Tsunami is commonly referred to as a sea monster. It cuts across the sea with an awesome speed. On reaching land, it sucks most of the water out of the harbor; then, the creature may rise more than 100 feet tall and flatten whole villages. Often before a tsunami hits, there is a giant vacuum effect, and water is sucked from harbors and beaches. People see the bare sea bottom littered with flopping fish and stranded boats. This is because waves are made out of crests, or high points, and troughs, or dips between crests, and when a trough hits land first, the water level drops drastically. Usually another wave blasts ashore after 15 minutes, to be followed by succeeding waves, for two hours or more.

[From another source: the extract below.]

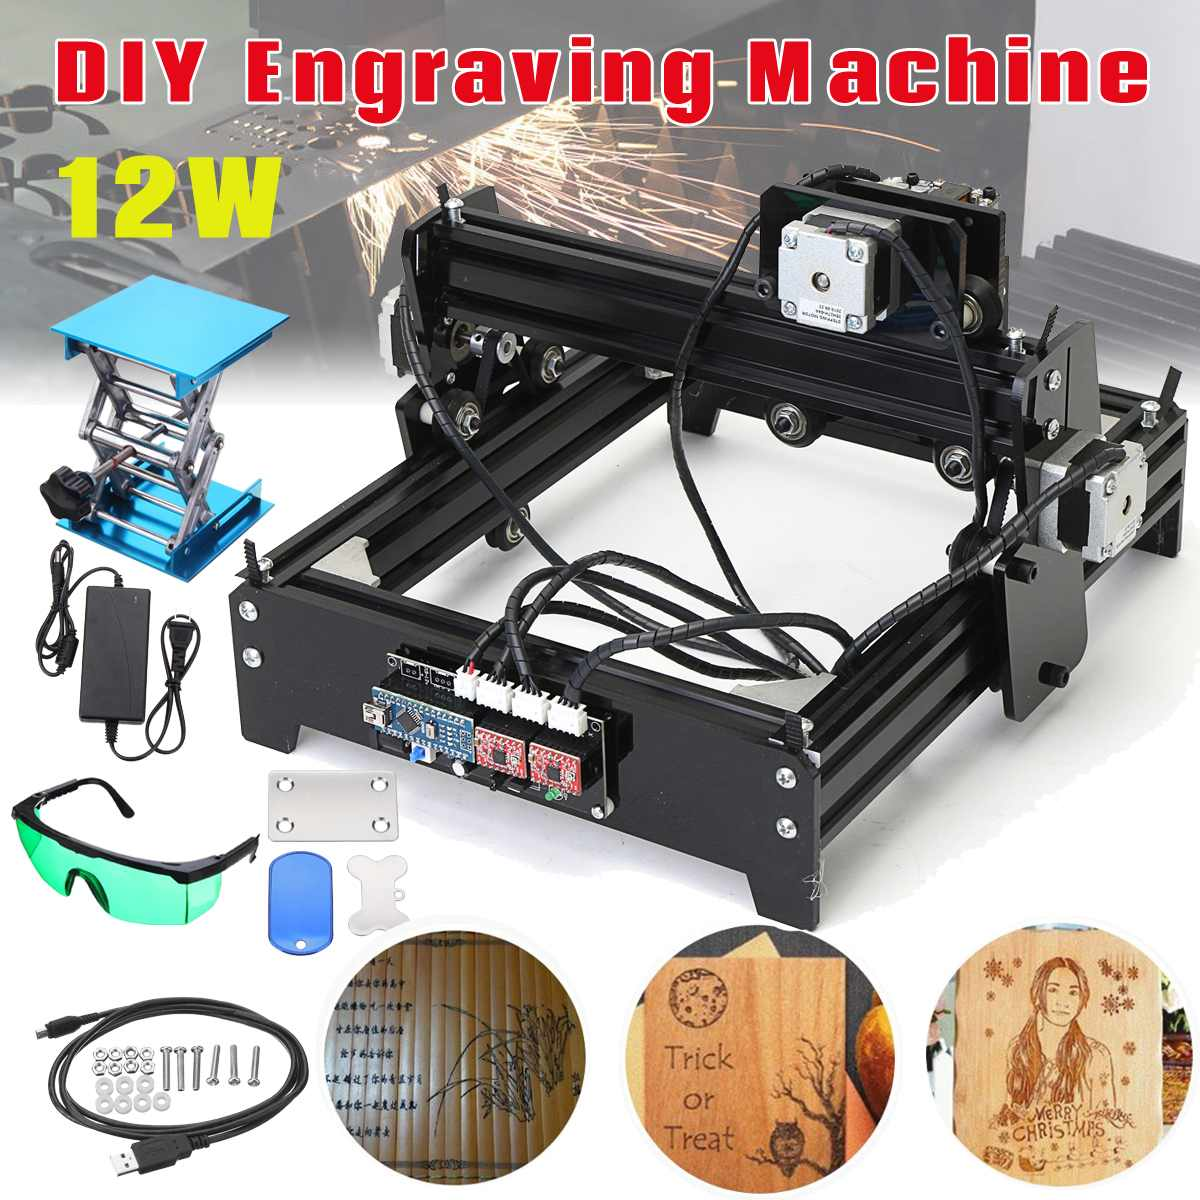 12 w 12000 mW 12 v bricolage CNC graveur Laser USB métal pierre gravure Machine bureau bois routeur/Cutter/imprimante pour Windows 7/8/10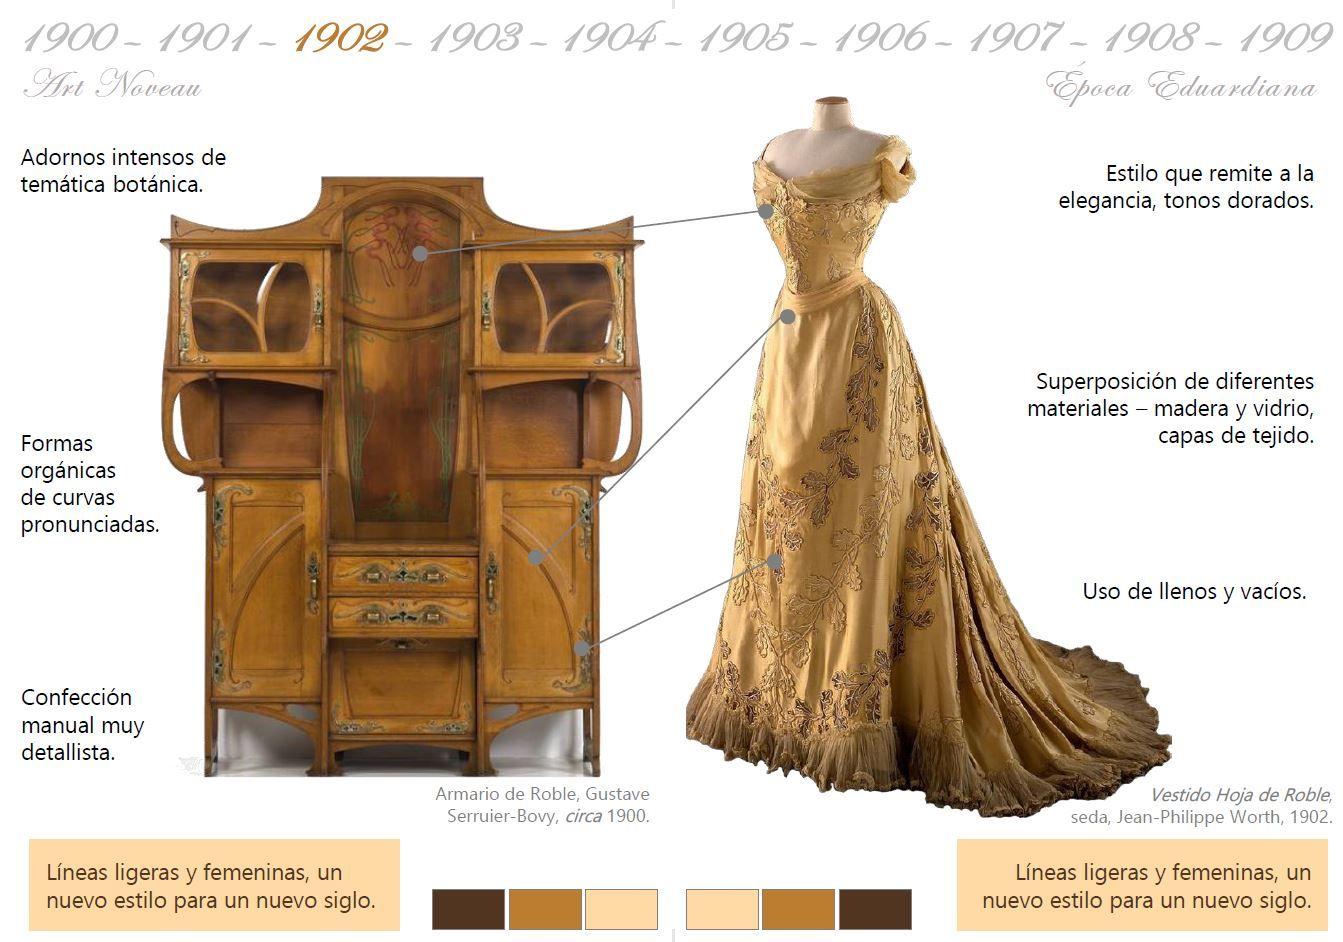 Historia moda y mueble 1902 art noveau mobiliario y moda for Caracteristicas del mobiliario

Tsunami, a most destructive waves and often wrongly called tidal waves, is not caused by tides or even by the wind, but by underwater earthquakes, landslides or volcanic eruptions. These disturbances cause the seabed to move rapidly, and shift a large amount of water, disrupts the sea surface. A train of waves is set in motion traveling away from the source of disturbance.
Some tsunami many reach heights of 100 feet or more and can race across the ocean at 500 miles an hour. Oddly, in deep water, the waves are only a few feet high but upon approaching shore, this increase in energy and height.
Do you ever wonder what causes waves of this magnitude? Approximately four out five tsunamis occur within the "Ring of Fire," a zone of frequent earthquakes and volcanic eruptions roughly matching the borders of .
the Pacific Ocean. Along the ring's edges, giant slabs of the earth's crust, called tectonic plates, grind together. Sometimes the plates are stuck, and pressure builds, causing the plates to suddenly come apart and slam into a new position. This jolt causes an earthquake. If an earthquake lifts or drops part of the ocean floor, the water above it moves strongly to trigger a tsunami.
Rarely but possible, cosmic collisions can cause a tsunami.